***** Dataset *****

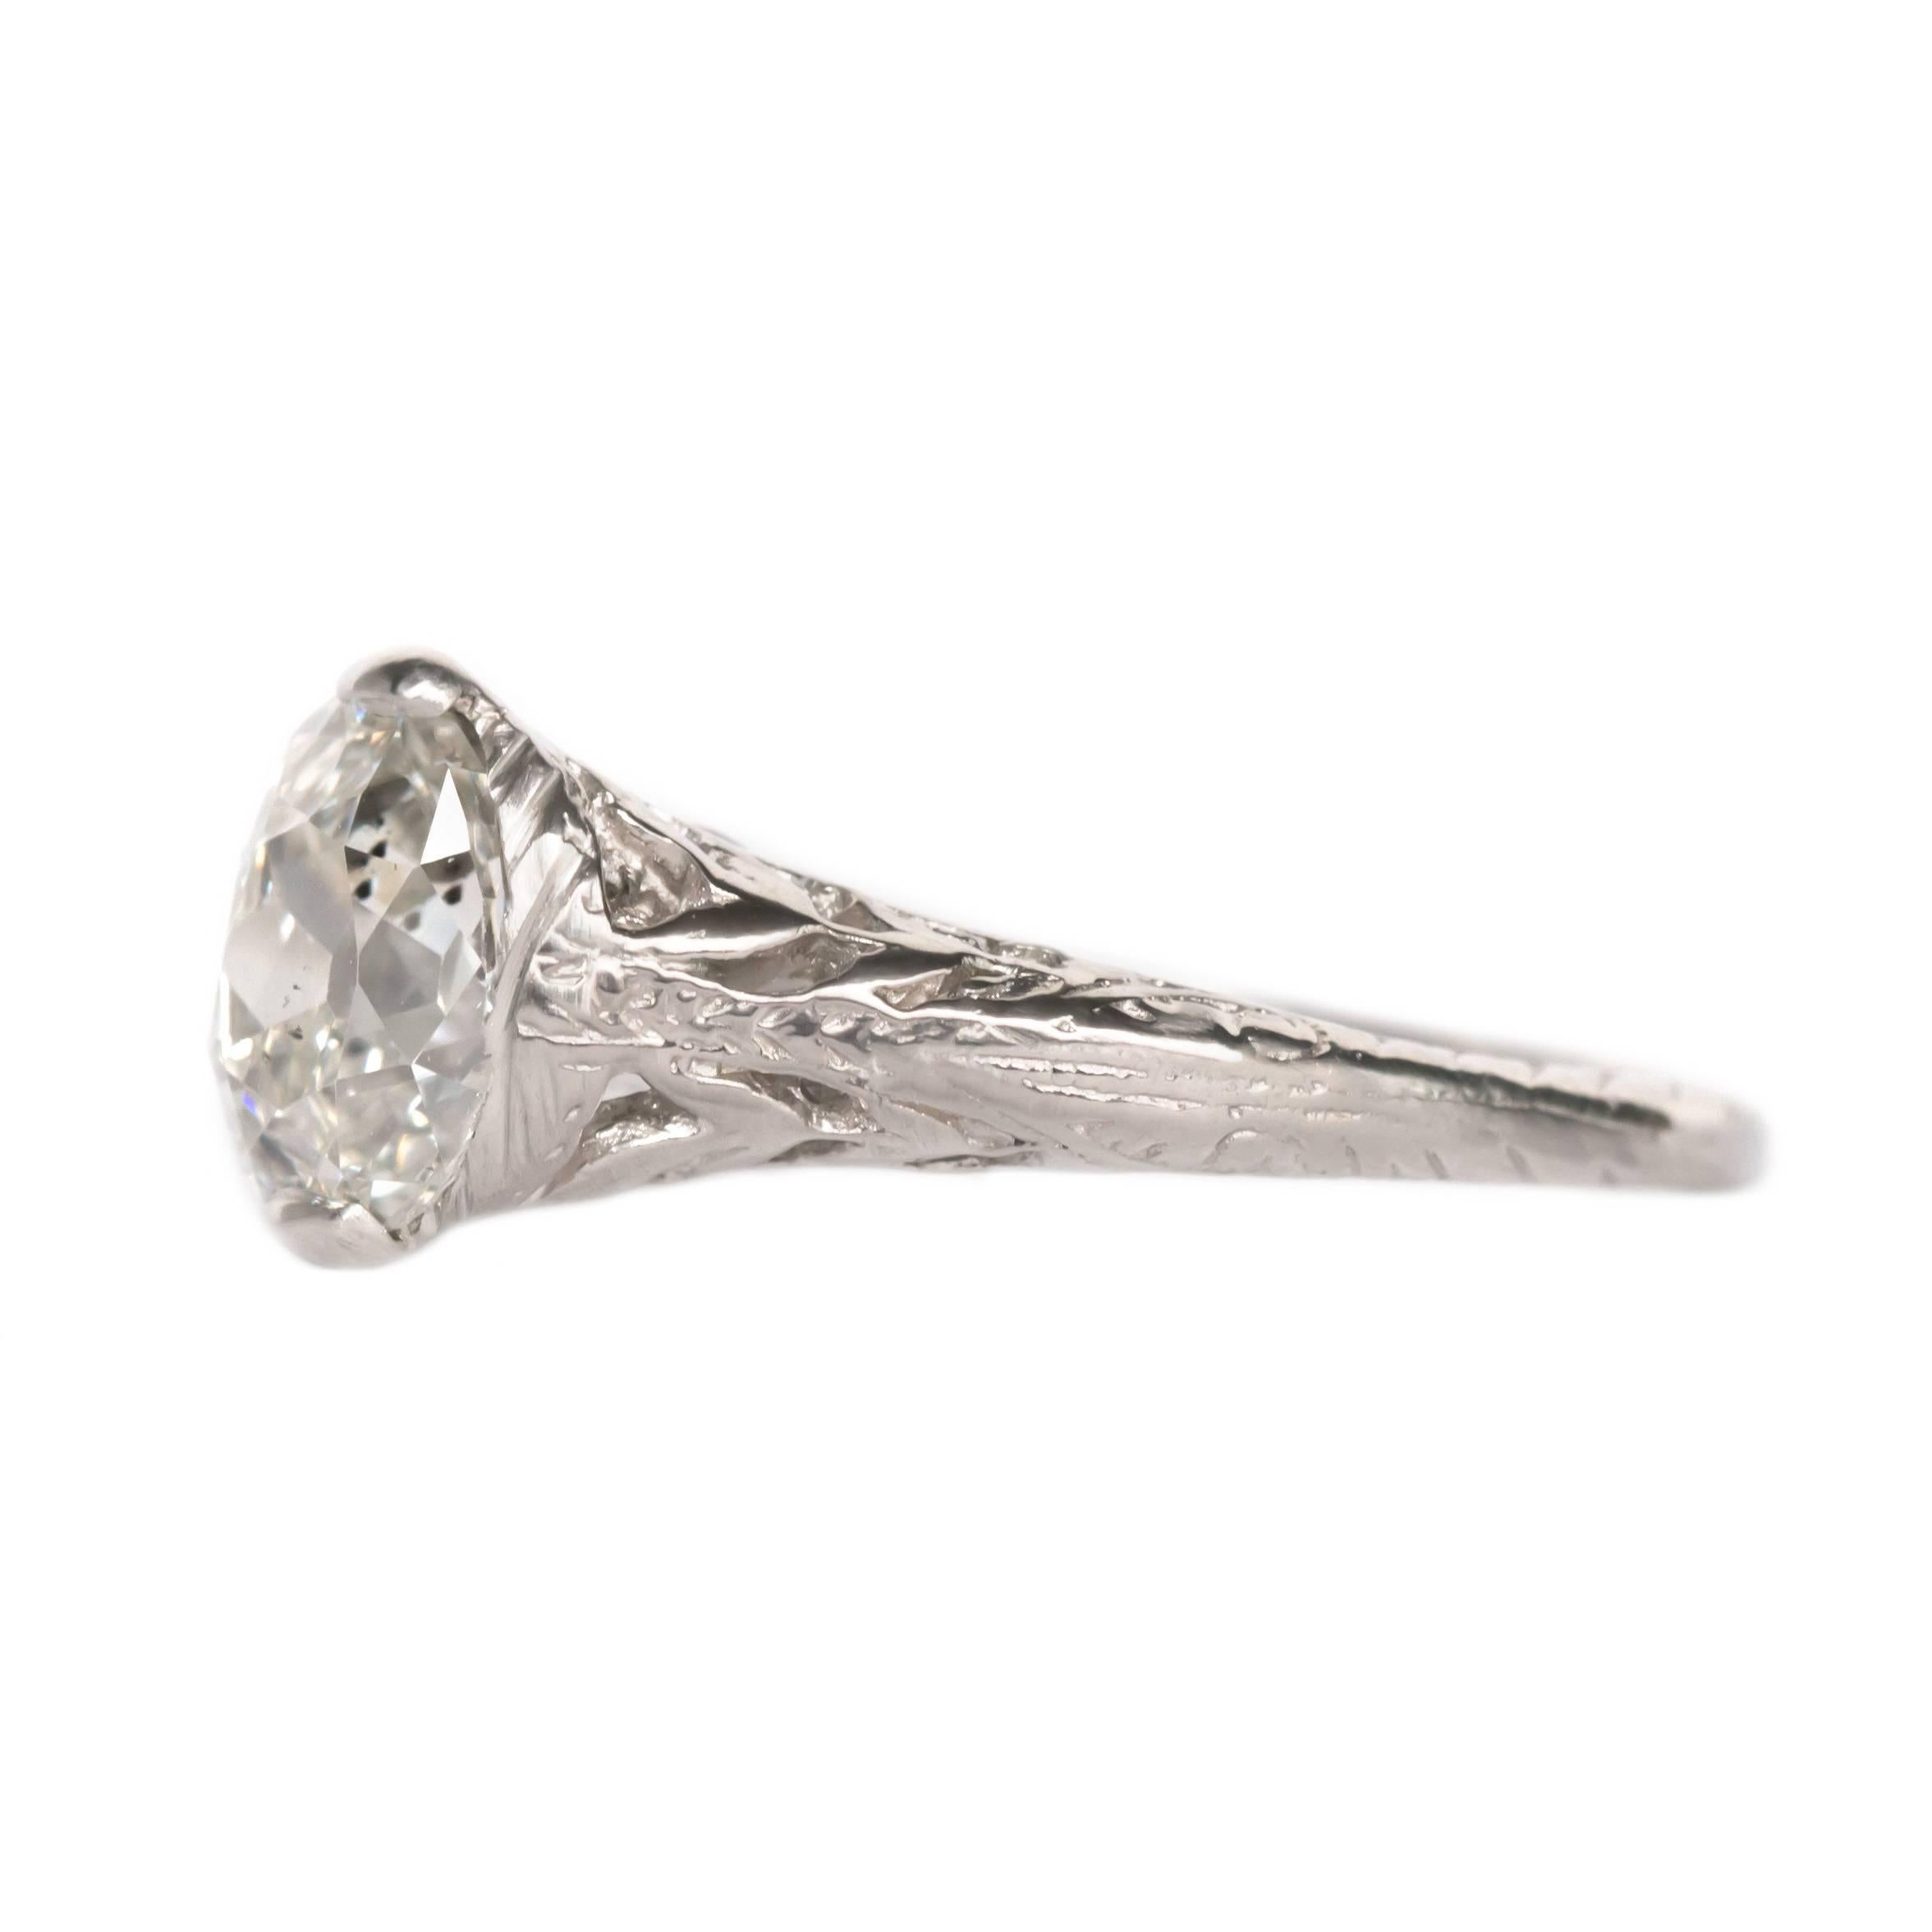 Item Details: 
Ring Size: Approximately 4.60
Metal Type: Platinum
Weight: 3.6 grams

Center Diamond Details
GIA CERTIFIED Center Diamond - Certificate # 5192045825
Shape: Pear Brilliant
Carat Weight: 1.00 carat
Color: I
Clarity: SI1

Side Stone

*****

Among the lines above, which ones hold the string "Weight"? Show them.

Weight: 3.6 grams
Carat Weight: 1.00 carat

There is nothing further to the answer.